About:
This repository is for people who would like to reproduce the computational results of our manuscript "The Retrotransposon Copia regulates structural synaptic plasticity at the Drosophila Neuromuscular Junction".
This repository assumes users who have sudo access to an ubuntu linux distribution (either physical or in a virtual machine) and assumes some knowledge of Unix (e.g. modifying .bashrc files to modify your $PATH variable to point to binary files and/or copying binary files into an existing $PATH folder).
This repository also makes the implicit assumption that users who want to know how any given result was gathered can follow the flow of a snakefile, and have some knowledge of Python scripting. Please write to me if you have questions!
Setup:
-
Download or clone this repository and unzip it on an Ubuntu machine, and cd to it.
-
Obtain snakemake:
https://snakemake.readthedocs.io/en/stable/getting_started/installation.html
I followed the instructions, and obtained mambaforge by downloading a shell script for my linux distro from here:
https://github.com/conda-forge/miniforge#mambaforge
Then I obtained snakemake with this command:
mamba create -c conda-forge -c bioconda -n snakemake snakemake
I tested this on snakemake version 7.19.1 -
Download long sequencing reads and illumina reads, and setup renamed shortcuts to files:
cd to the downloaded_data folder
conda activate snakemake
snakemake -s download_data.smk --cores {your_desired_core_count} -
Obtain FLAIR from here:
https://flair.readthedocs.io/en/latest/
I used FLAIR version 1.7.0 for testing and installed snakemake alongside FLAIR in a single conda environment with this command:
conda create -n flair -c conda-forge -c bioconda flair snakemake -
Obtain blat from here:
http://hgdownload.soe.ucsc.edu/admin/exe/linux.x86_64/blat/
copy the executable file to your $PATH -
Obtain the dm6 genome from here (I use wget for this):
https://hgdownload.soe.ucsc.edu/goldenPath/dm6/bigZips/dm6.fa.gz
Unzip it with gunzip dm6.fa.gz -
Obtain minimap2:
install curl (if needed) with (e.g.) sudo apt install curl
Obtain minimap2 binaries from here:
curl -L https://github.com/lh3/minimap2/releases/download/v2.17/minimap2-2.17_x64-linux.tar.bz2 | tar -jxvf -
cd to minimap2-2.17_x64-linux
copy the minimap2 executable to your $PATH -
Obtain salmon:
sudo apt install salmon
I used salmon 1.4.0 -
Obtain scipy and plotly:
conda activate snakemake
conda install scipy
conda install plotly -
Obtain kaleido:
sudo apt install python-is-python3
sudo apt install pip
pip install -U kaleido
Reproducing CNS vs.
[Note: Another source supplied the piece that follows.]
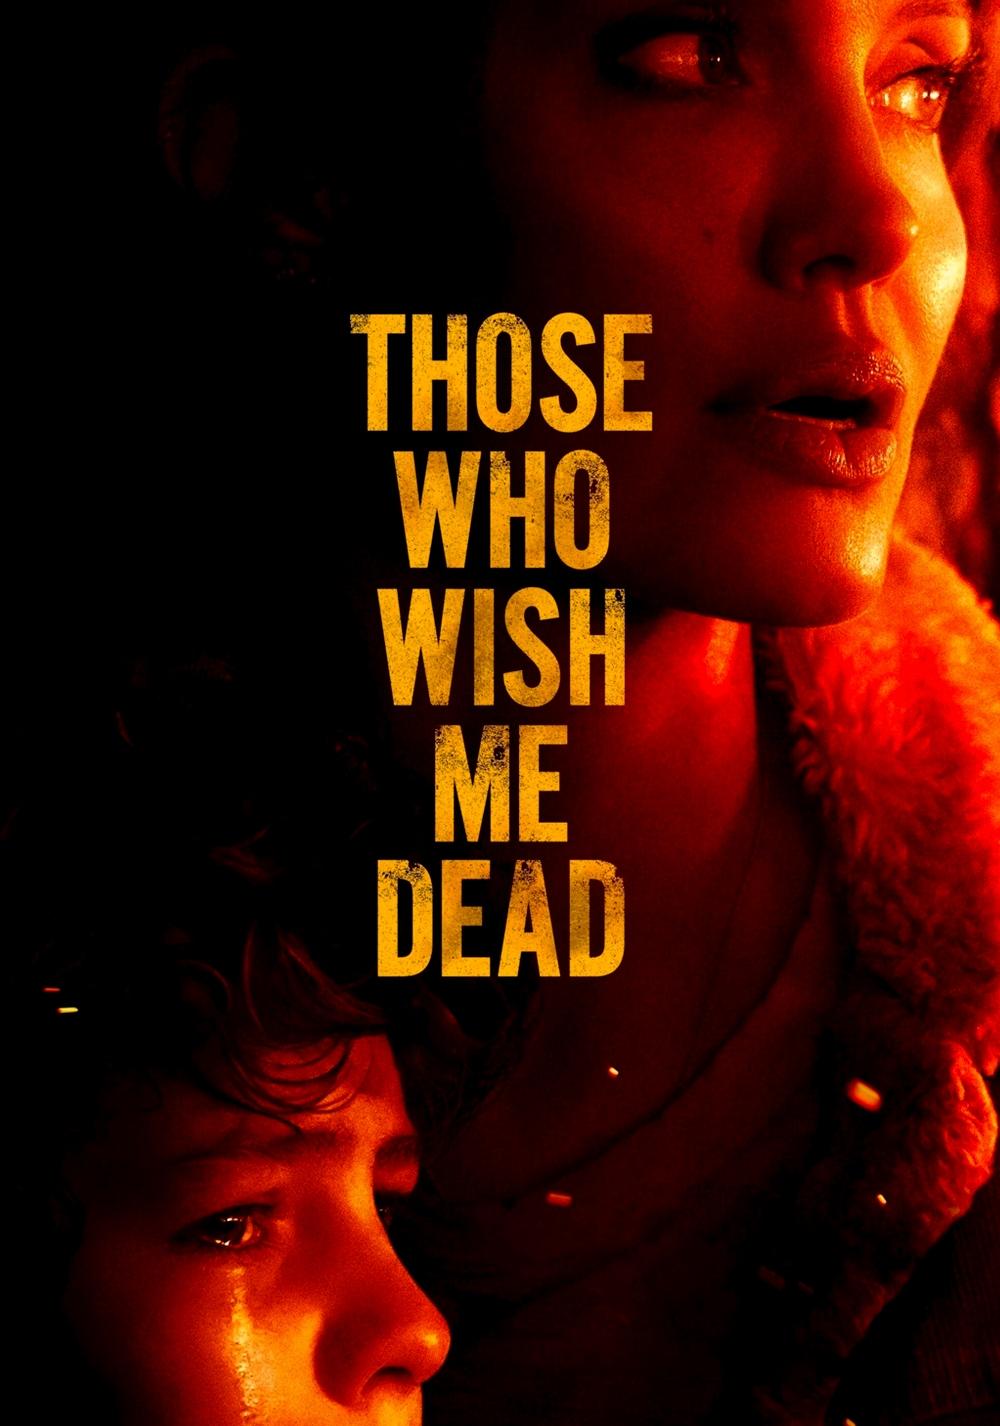 those-who-wish-me-dead-606ed6c1162d9
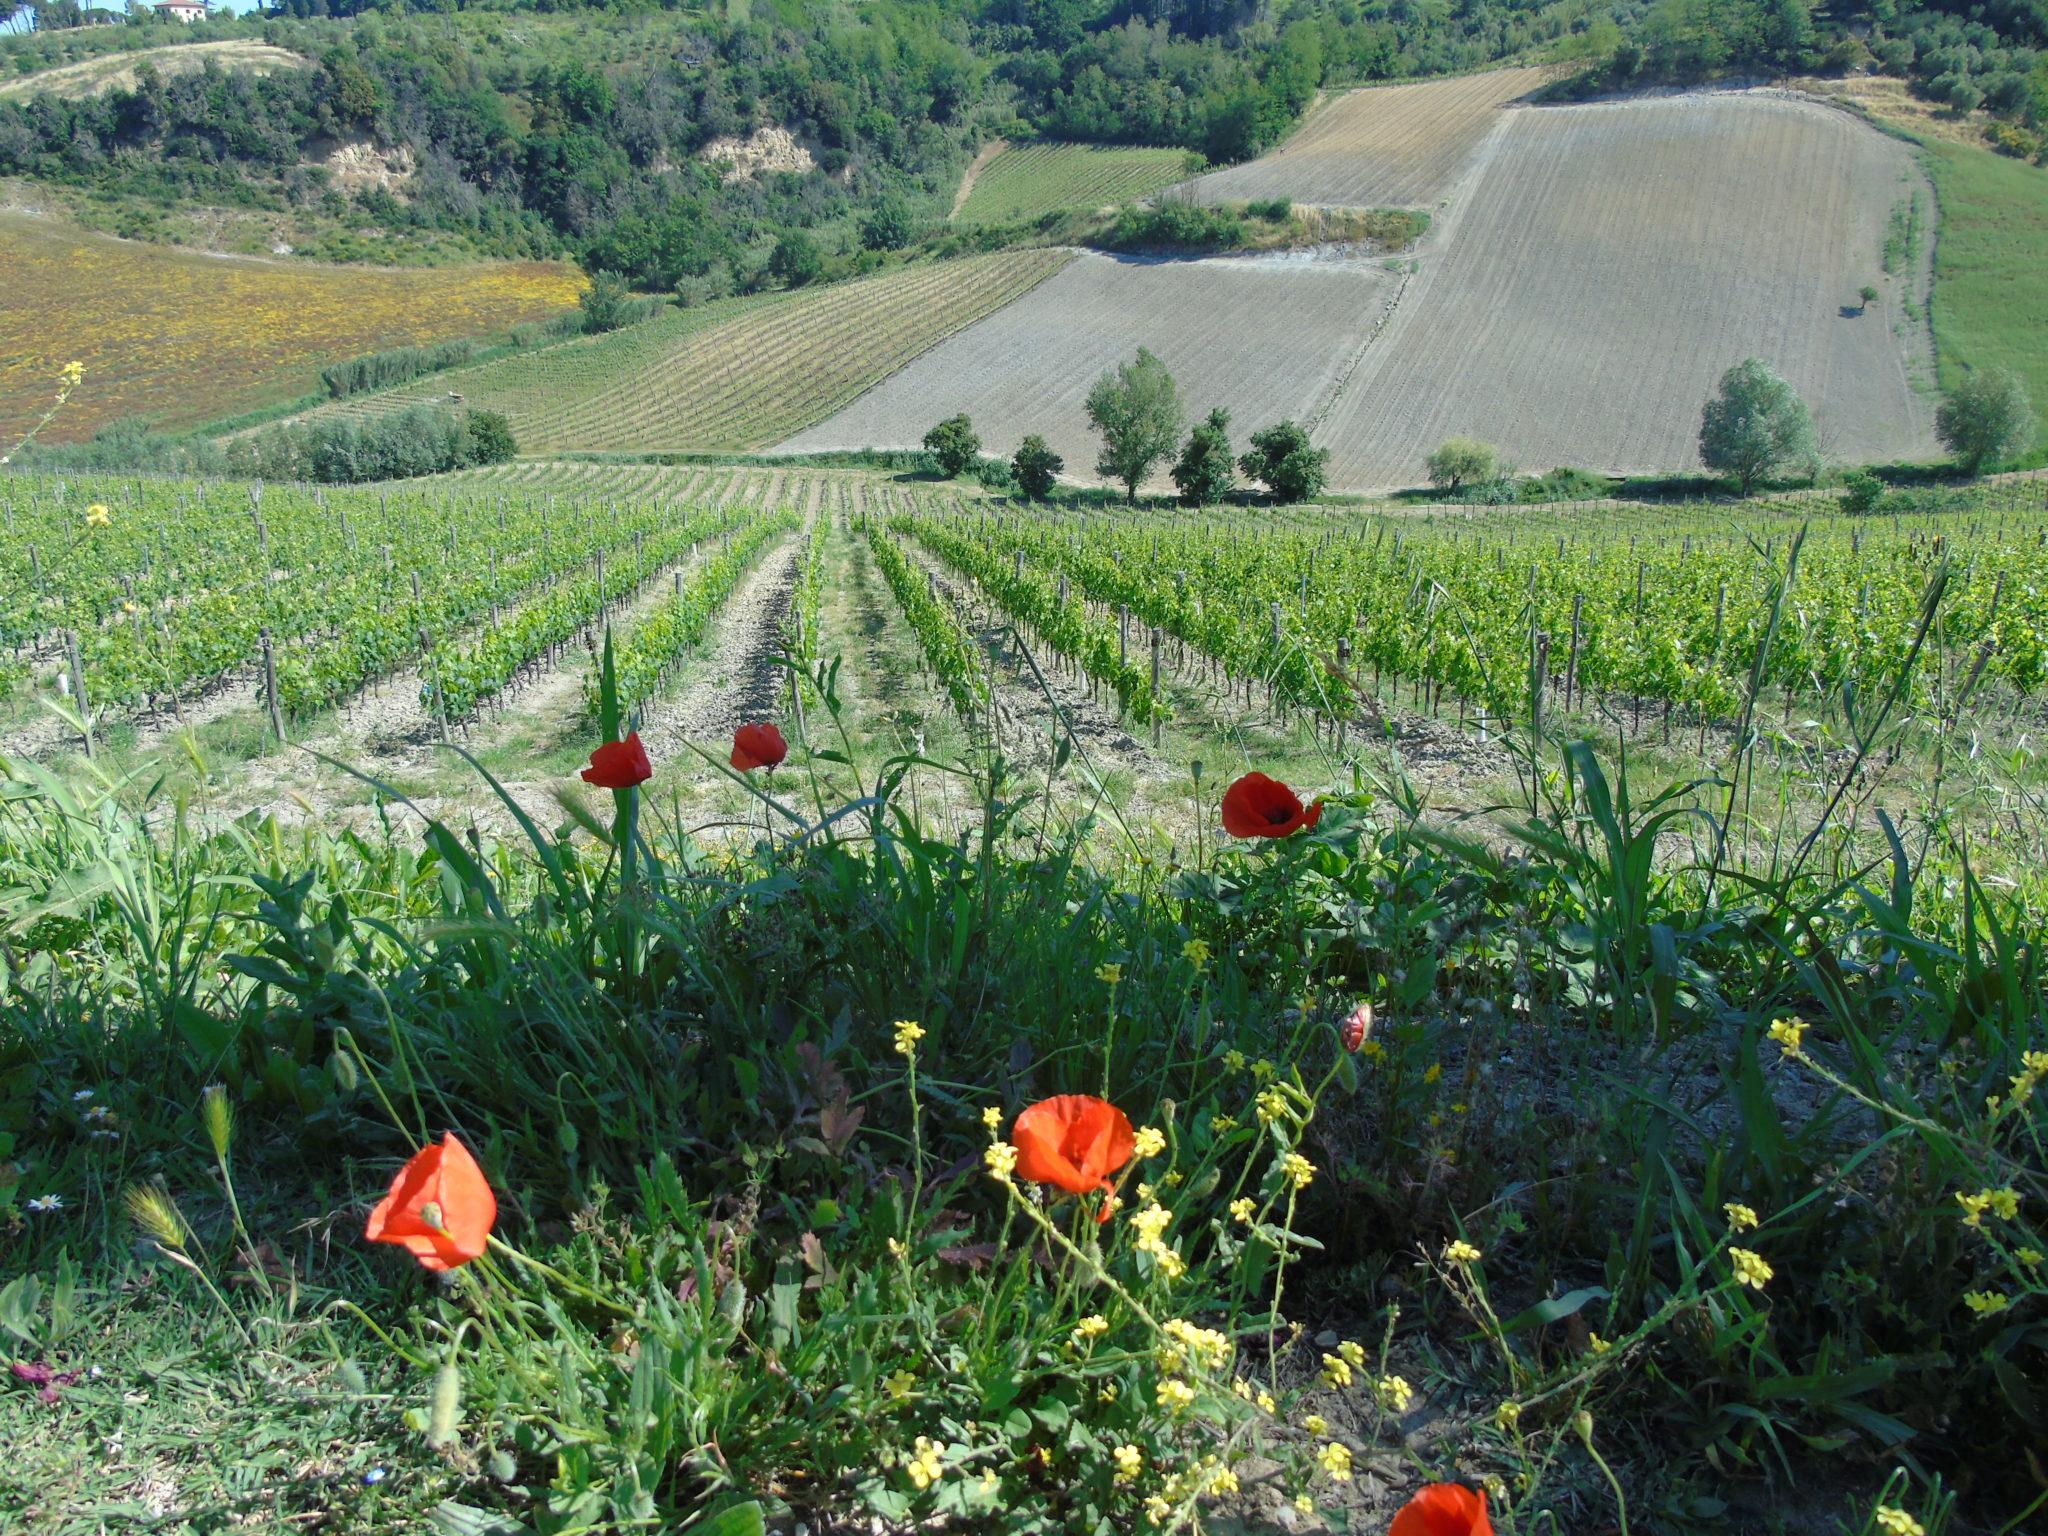 Sample wines of the region on a wine tasting tour

BWM isoform abundances results:
- cd to the FLAIR_isoforms folder
- conda activate flair
- snakemake -s run_flair.smk --cores {your_desired_core_count}
- examine FLAIR_isoforms/output_files/mapped_reads.counts.tsv
Reconstructing TE seeds:
- cd to the constuct_TE_seeds folder
- conda activate snakemake
- snakemake -s construct_seeds.smk --cores {your_desired_core_count}
- examine construct_TE_seeds/output_files/dm6_TE_seeds.fa
measuring copia chimeric long reads (requires "reconstructing TE seeds" as a precursor):
- cd to the chimeric_copia_reads folder
- conda activate snakemake
- snakemake -s chimeric_copia.smk --cores {your_desired_core_count)
- examine these output files:
chimeric_copia_reads/output_files/CNS_final_summary.tsv - see especially column B of the 7 copia reads that map to refseq genes and RNAi regions, around row 1275
chimeric_copia_reads/output_files/seed_mapping/CNS_seed_results.tsv (there are 1225 reads that have a >100 nucleotide match to consensus copia, but only 1224 of them have a >100 nucleotide match to the genome)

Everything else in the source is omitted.